A Judge on Monday ruled that an analytics company has the right to scrape data from LinkedIn .

HiQ, the data gatherer, has been processing publicly available data from LinkedIn and using it to train AI models, until May when LinkedIn demanded it stop.  U.S. District Judge Edward Chen in San Francisco granted a preliminary injunction request brought by hiQ Labs, and ordered LinkedIn to remove within 24 hours any technology preventing hiQ from accessing public profiles in a test of how much control a social media site can wield over information its users have deemed to be public.

The letter indicated that LinkedIn had taken technological steps to prevent HiQ from continued scraping, and that further attempts to circumvent such protections would be a violation of the Computer Fraud and Abuse Act.

The ruling, which LinkedIn plans to appeal, sets the stage for what could turn out to be a free-speech argument.
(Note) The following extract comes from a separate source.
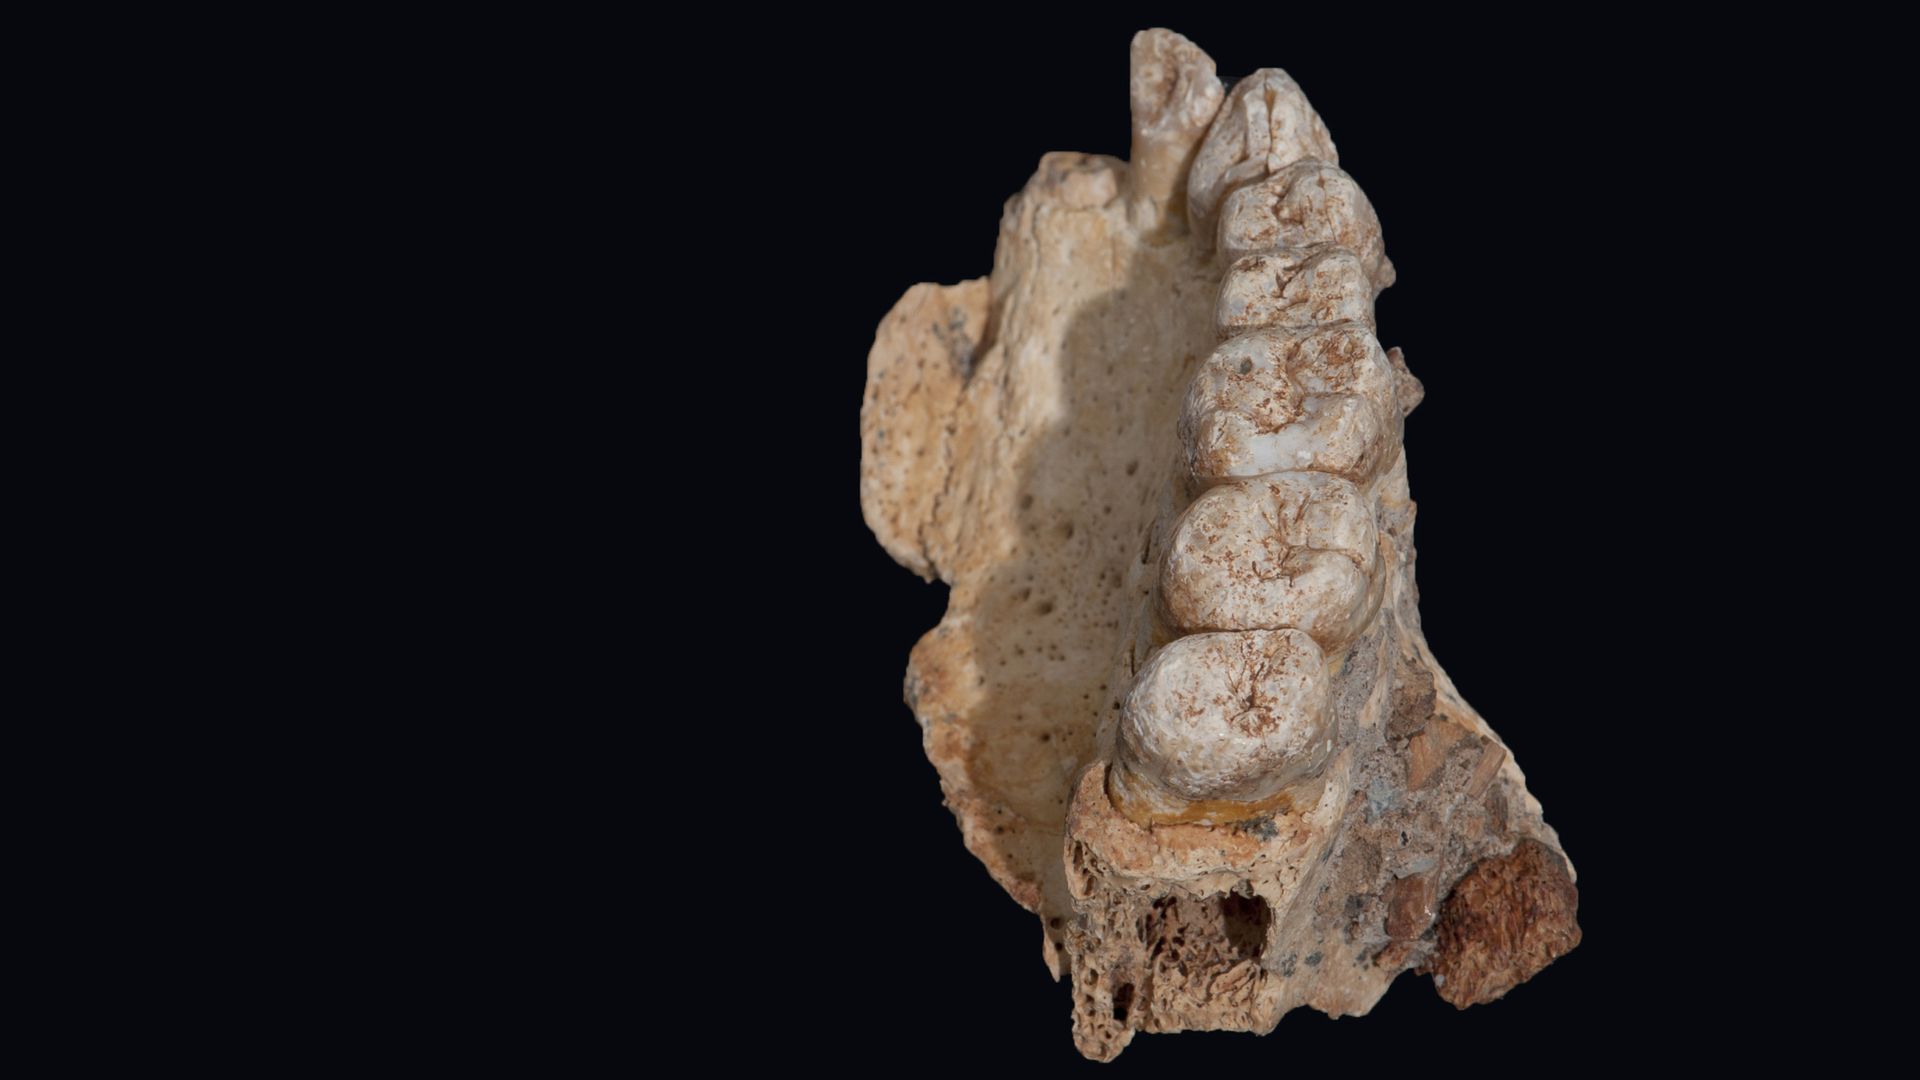 The upper left jaw of an early human, found in Israel

According to Reuters a LinkedIn spokesperson said:

We’re disappointed in the court’s ruling; this case is not over. We will continue to fight to protect our members’ ability to control the information they make available on the professional social media platform.

Since the data was made publicly available by the users posting it, LI was not able to prove ownership of it to a degree that gives it the right to block others from accessing it.

Anyone could, theoretically, click on every profile and use a pen and paper to copy all the info, and then feed the data into a computer. If they had enough time and manpower. Of course, this would be ridiculous and inefficient, which is why such tasks are done using an algorithm that gathers and sorts data.

The question that remains: is it okay to implement technological measures to stop robots from scraping your website for data?